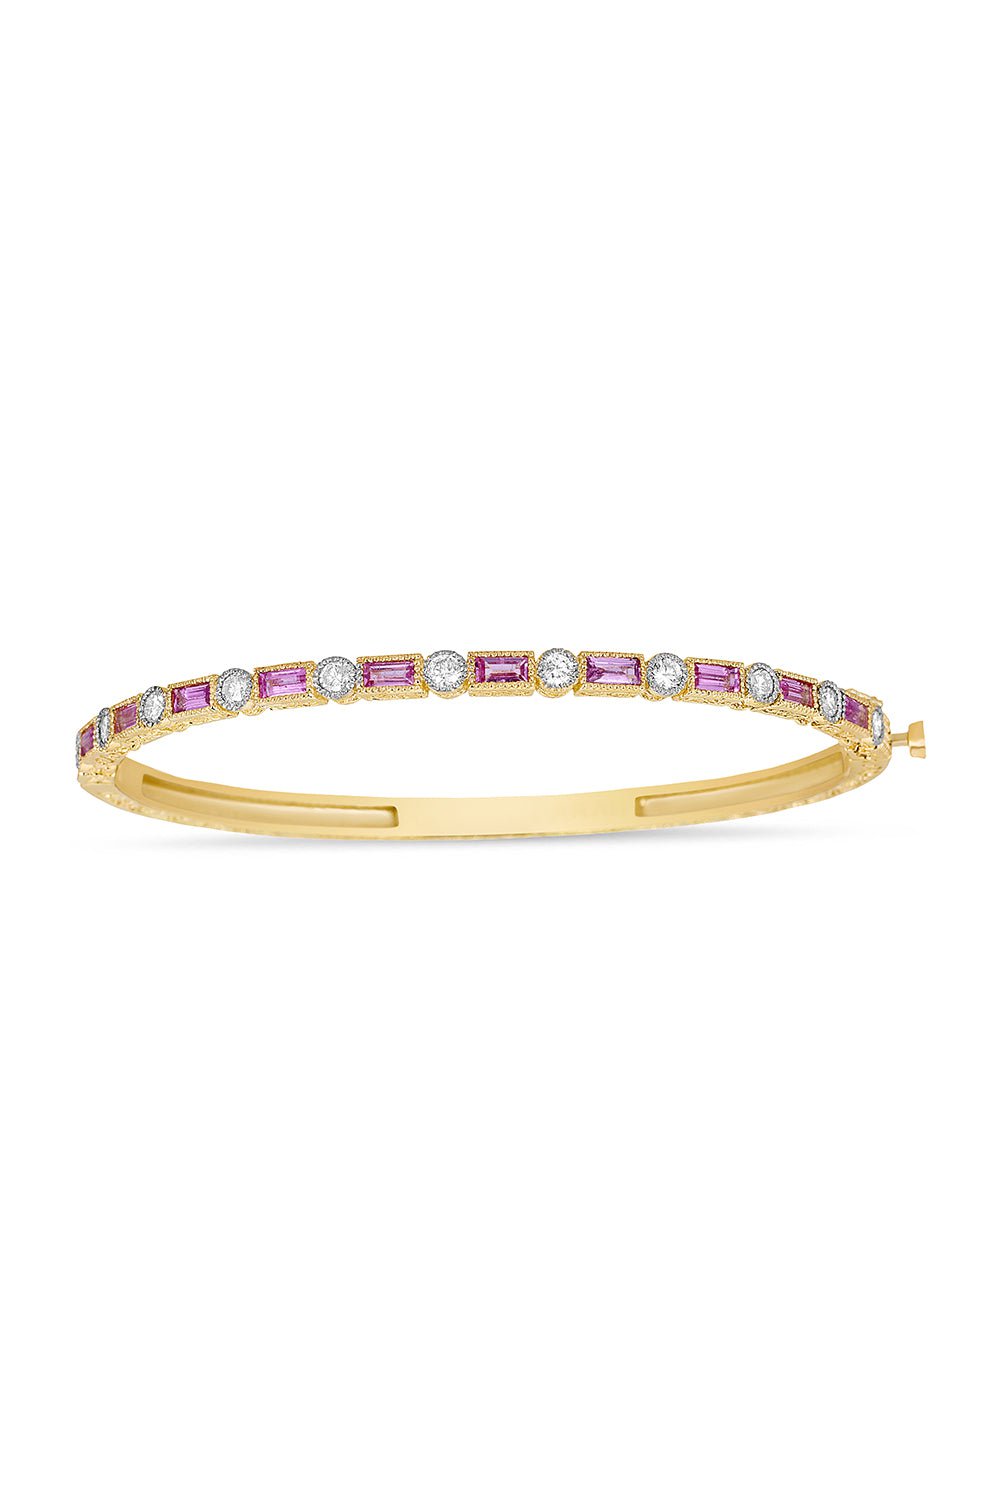 TANYA FARAH-Modern Etruscan Pink Sapphire Baguette Diamond Bangle-YELLOW GOLD
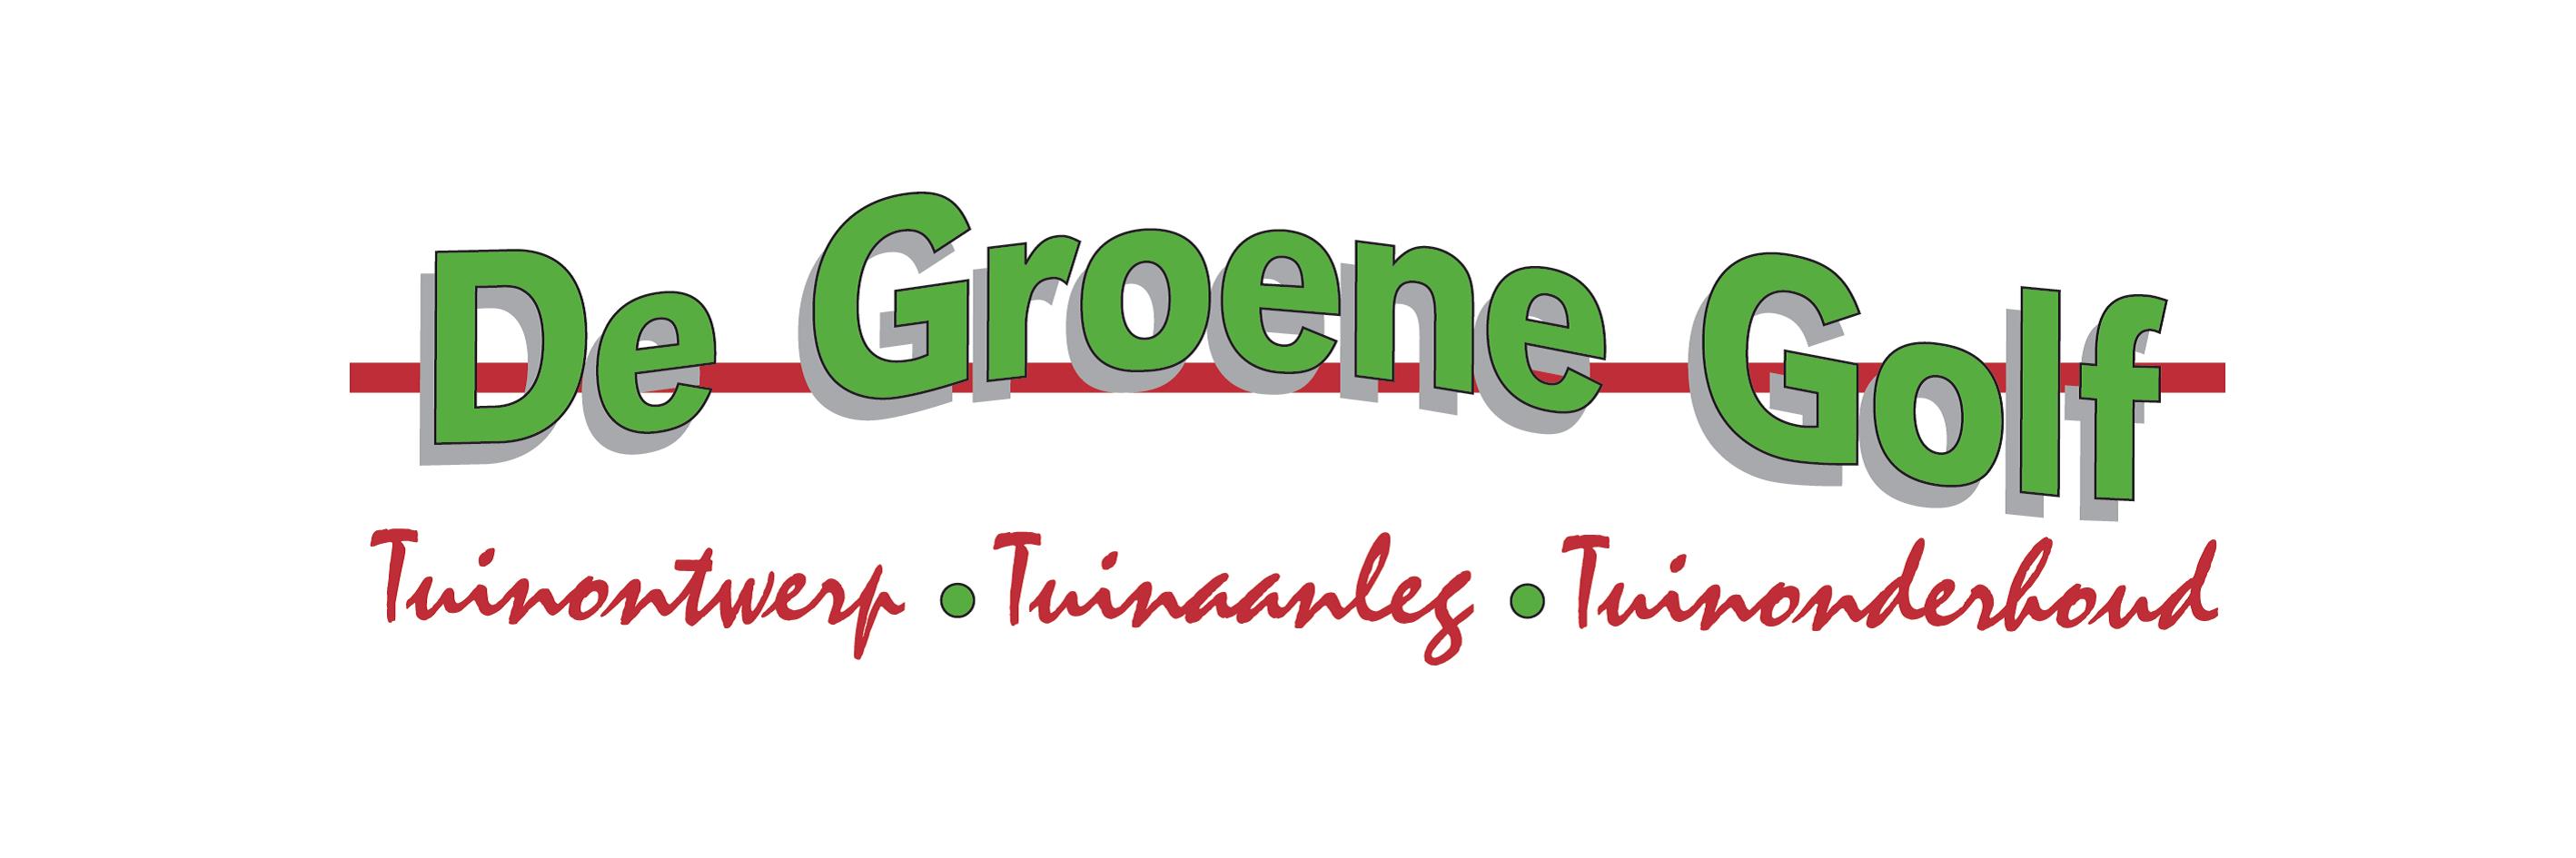 De Groene Golf logo
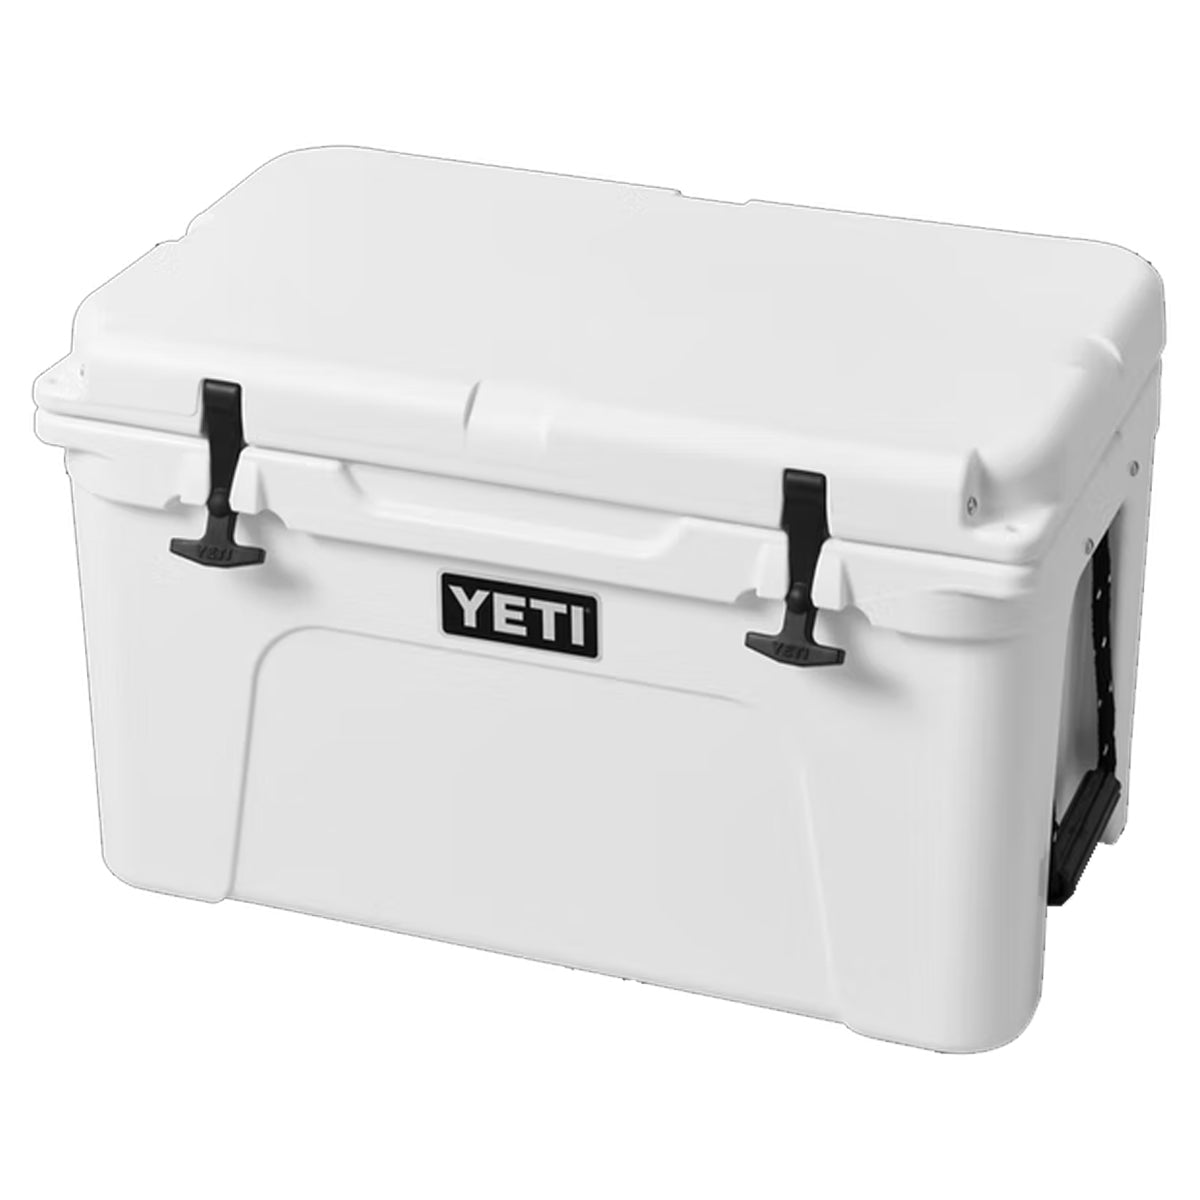 YETI Tundra 45 Insulated Chest Cooler, White at
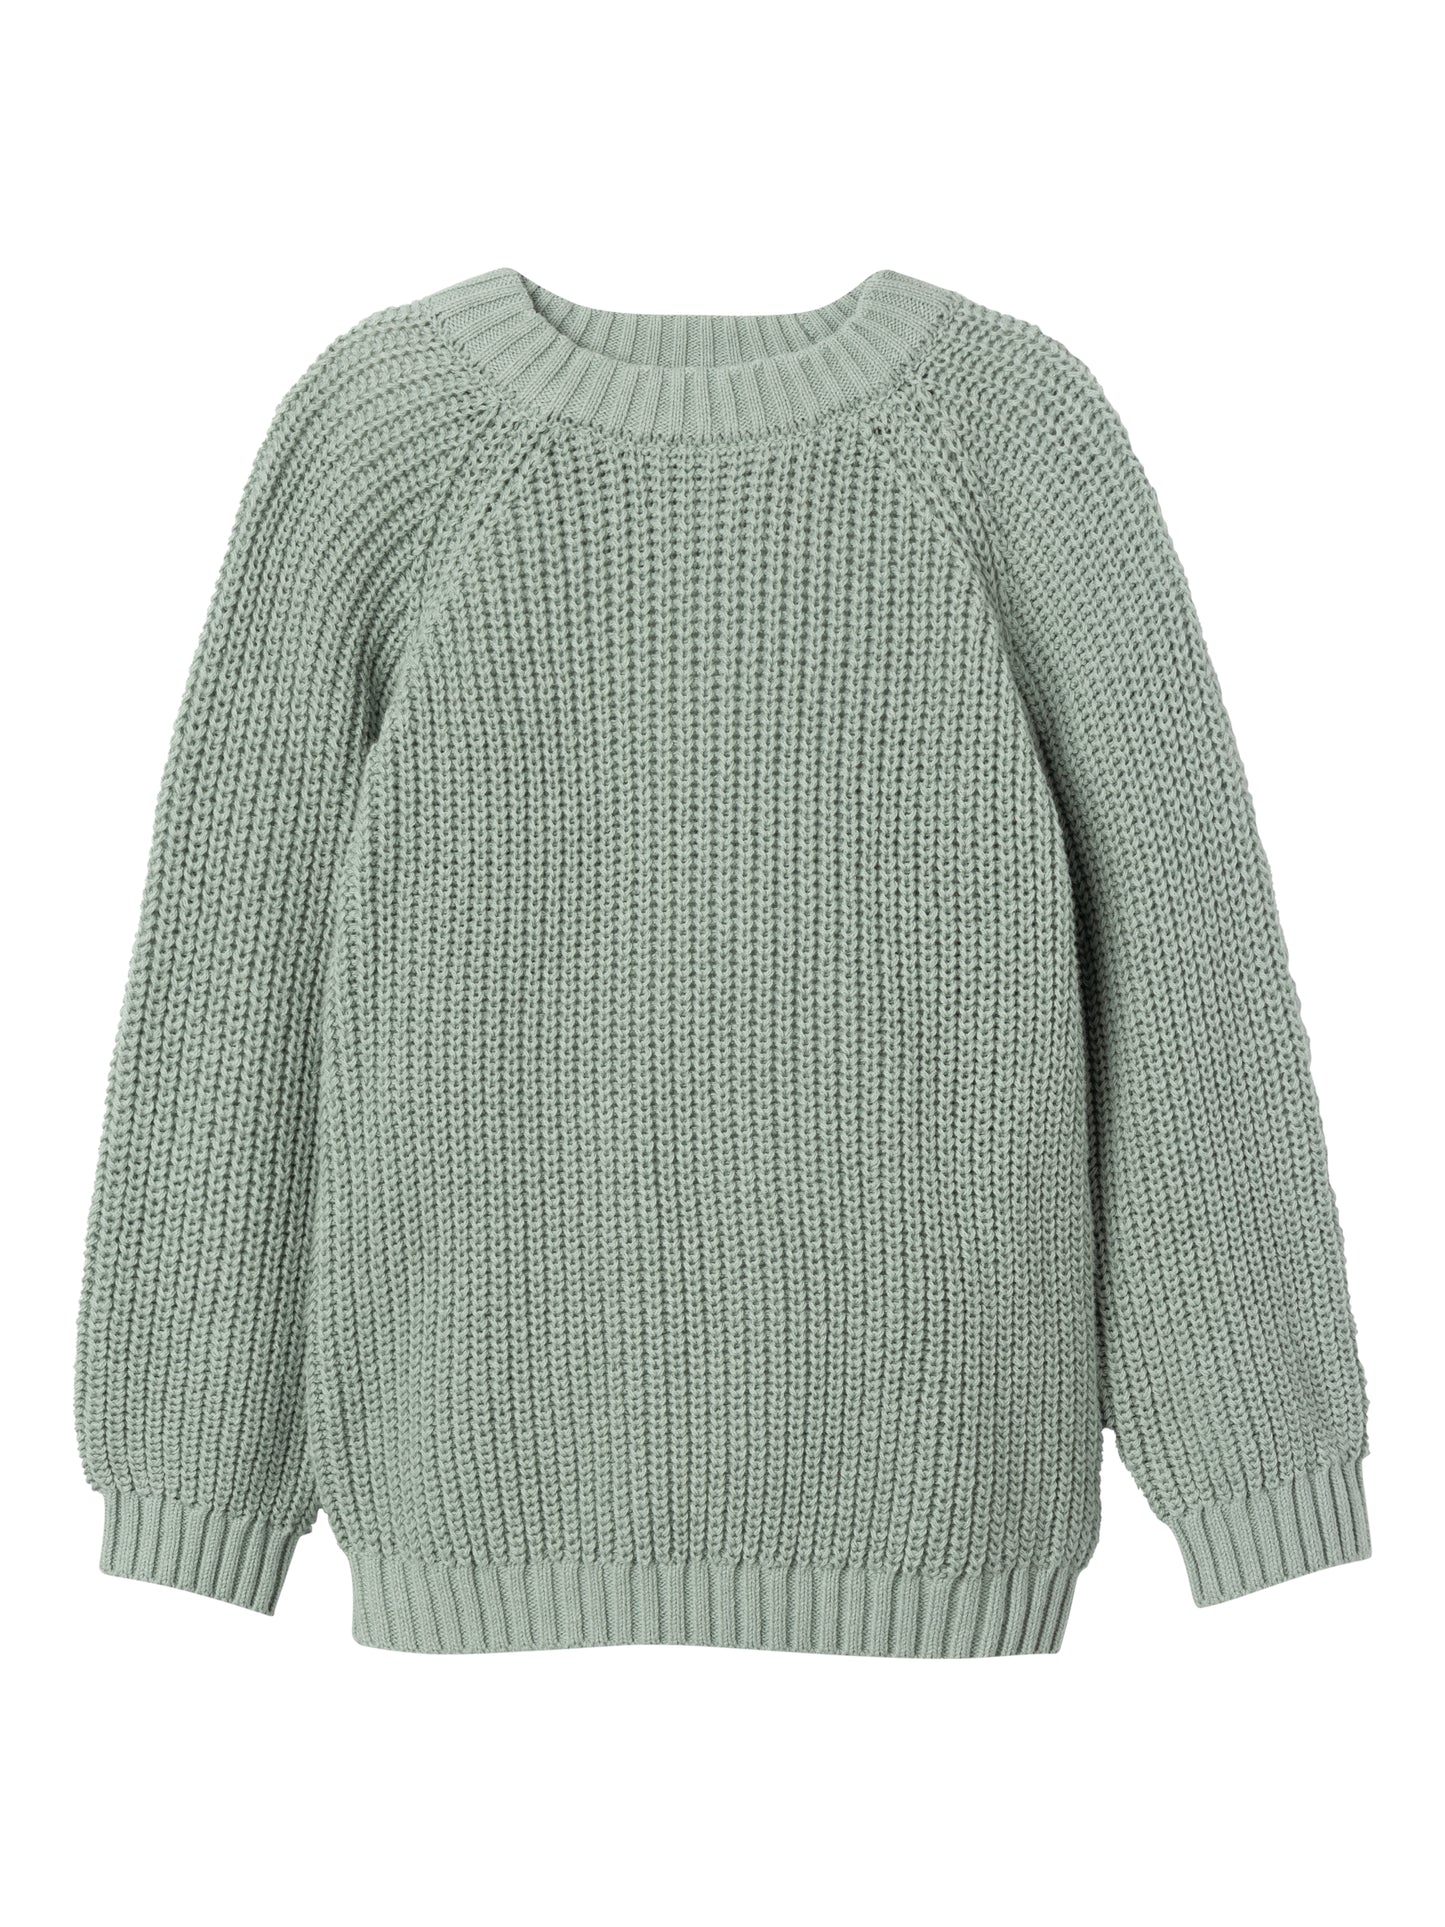 Lil atelier - knitted sweater - Jadeite

+===+

Omitting the images, copy the listing exactly.

 TANYA FARAH-Modern Etruscan Pink Sapphire Baguette Diamond Bangle-YELLOW GOLD
 De Groene Golf logo
 YETI Tundra 45 Insulated Chest Cooler, White at
 Lil atelier - knitted sweater - Jadeite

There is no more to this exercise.